# Solved: Connecting an old server to a new domain



## suttybutty (May 29, 2008)

Hi everyone I will try to describe my problem that I have been tasked to solve as fully as I can -

My organisation (a local charity) used to have a client server setup using MS Server 2003, with about 15 clients all using Windows XP Pro connecting to a domain - domain.old (not the real name!). About a year ago they received funding to upgrade their system and had a new server installed using Server 2008 and everyone was successfully connected to the new domain (domain.new).

The old server was simply removed and put into a corner of the room and forgotten about.

The new server has a tapeware system and Backup Exec 12.5 for backup that has been causing all kinds of problems and after months of trying various things to sort it we have decided we would like to connect the old server to the new domain in a secure room over the network and use it simply as a backup hard drive running daily backups to it.

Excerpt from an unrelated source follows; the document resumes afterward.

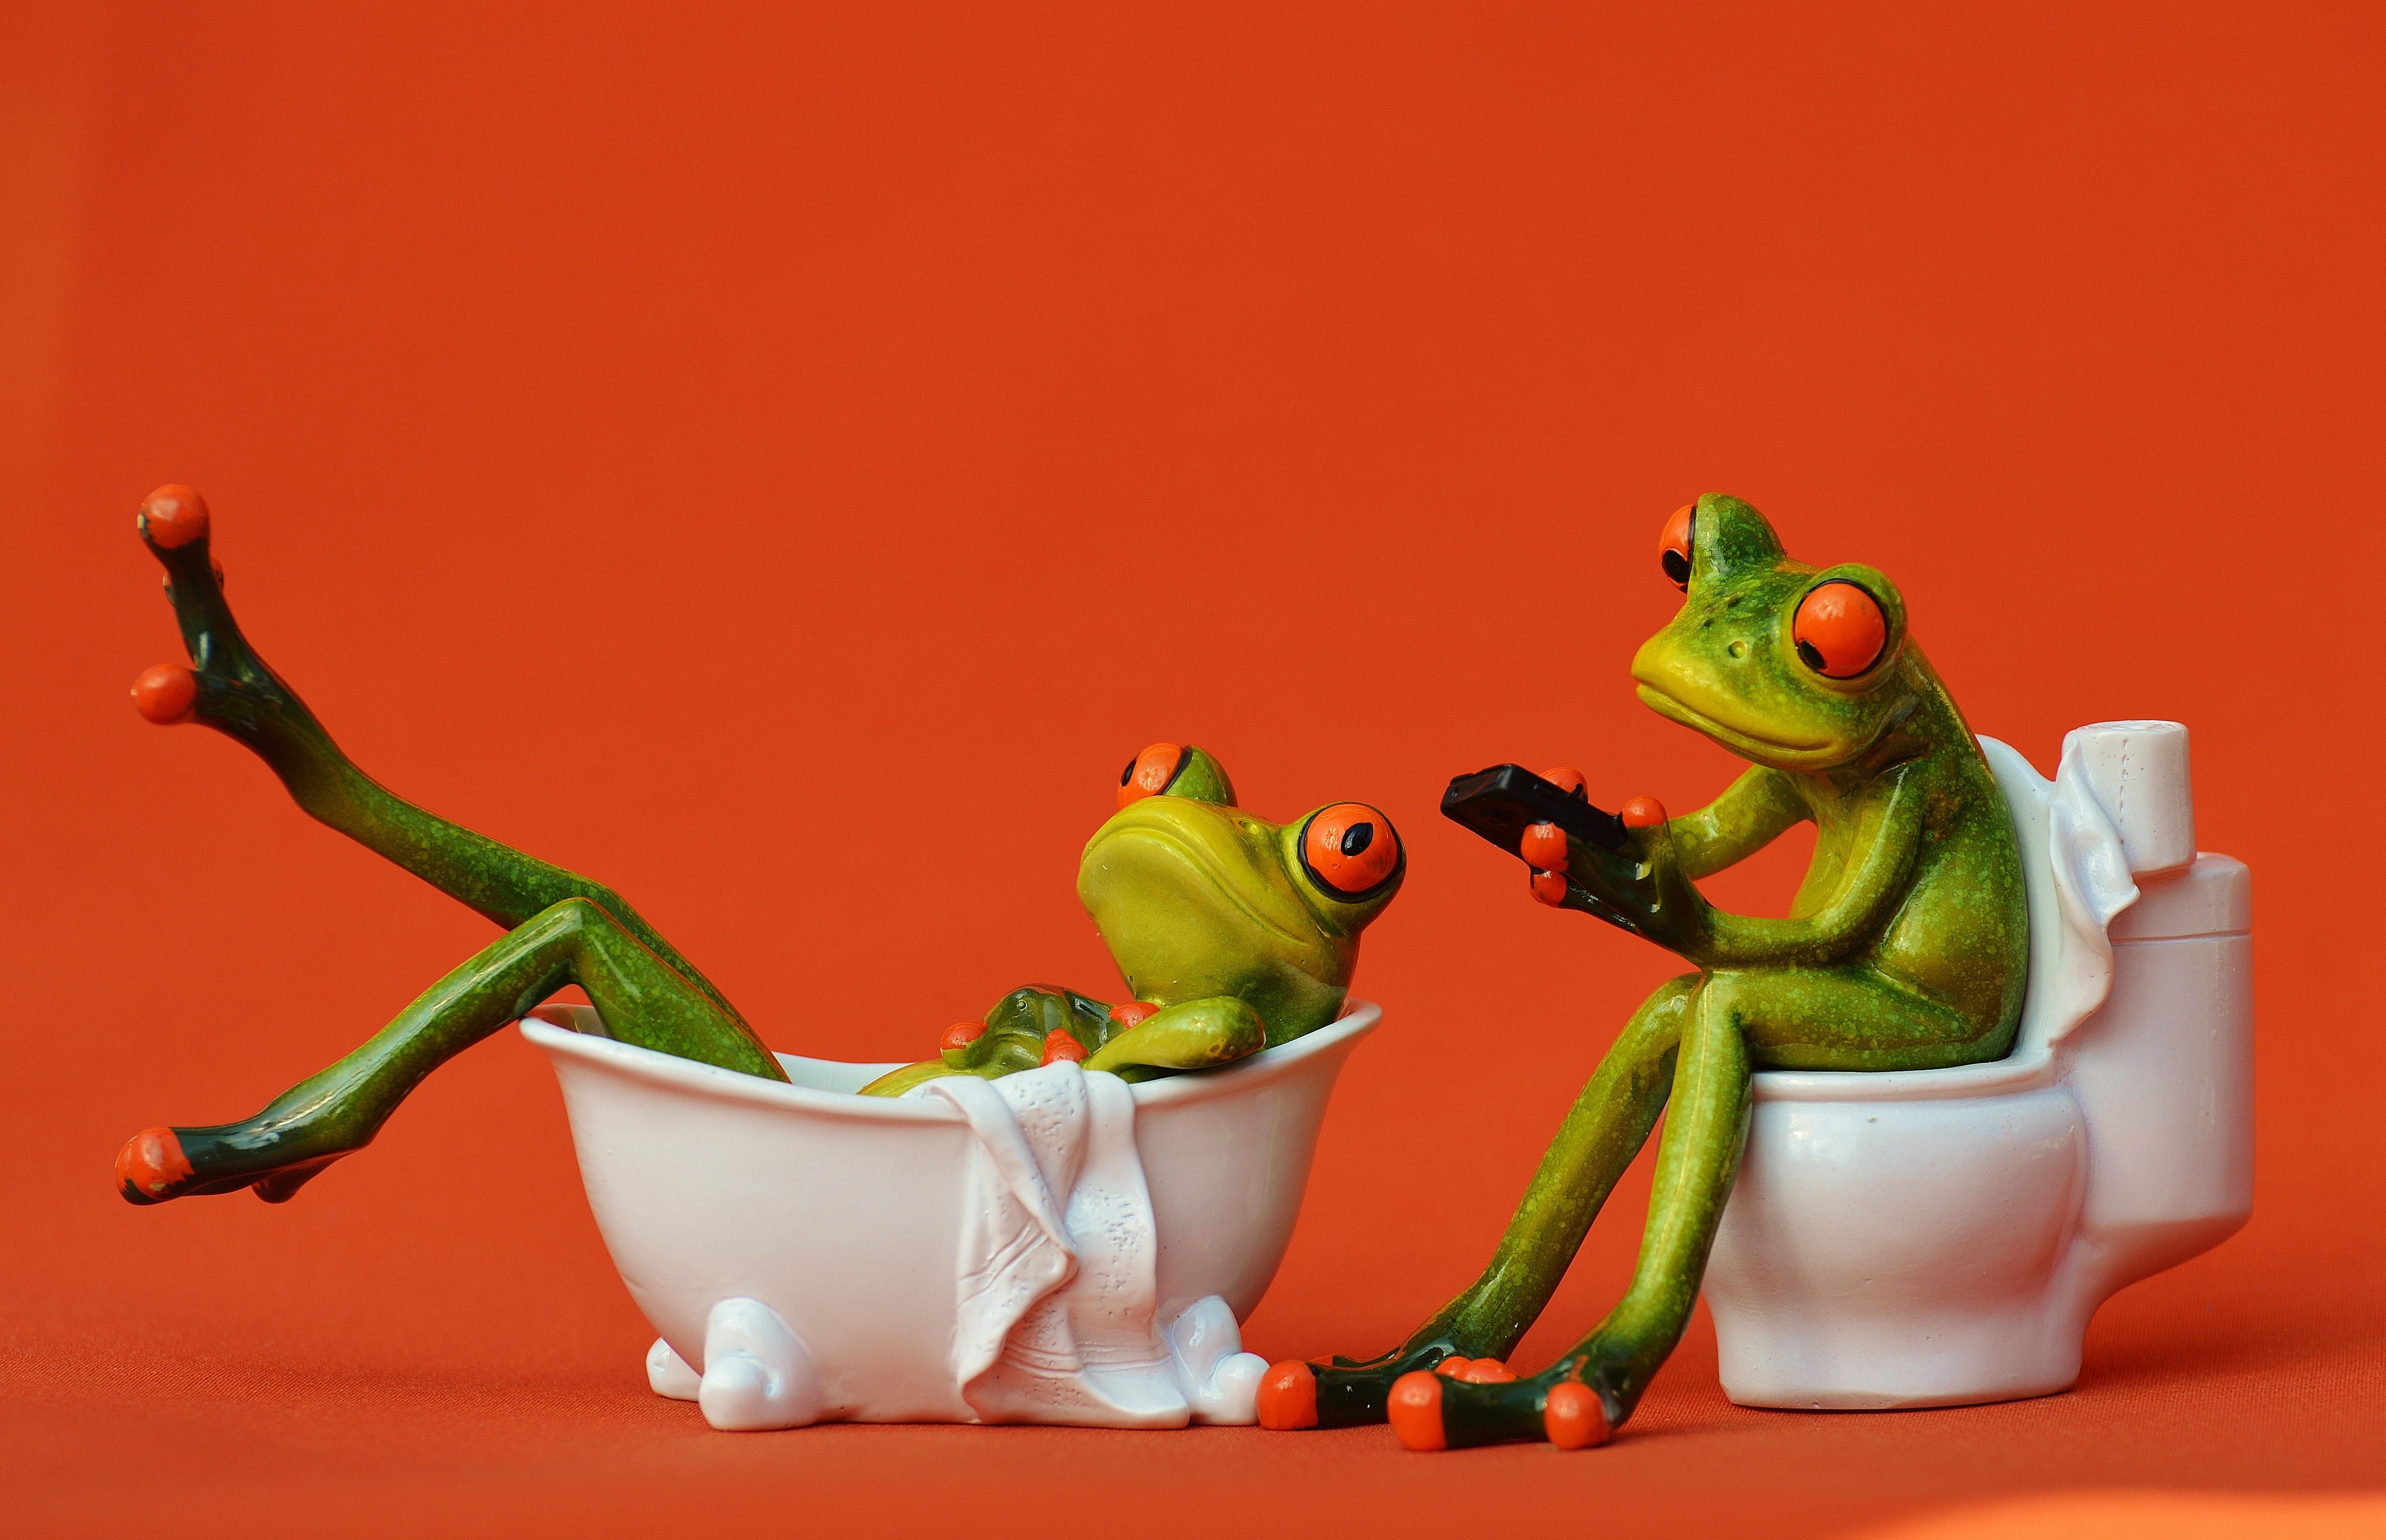 Gambar Manis Imut Berenang Hijau Toilet Katak Amfibi

My question is will just connecting the old server (Server 2003 domain.old) and joining it to the new domain cause any problems? Will the operating systems work together? and will the two domains clash in any way?

Thanks for the help


----------



## srhoades (May 15, 2003)

As long as the old server is not SBS you shouldn't have a problem. Fire up the old server (make sure it is not connected to your new domain network) and demote it, there will be an option that says it is the last server in the forest or domain, make sure that is checked. Then make sure and remove any network services that the new server is doing ie DHCP, DNS etc. Then connect it to the new network, either add it to the domain as a member server or a secondary domain controller and you are good to go.


----------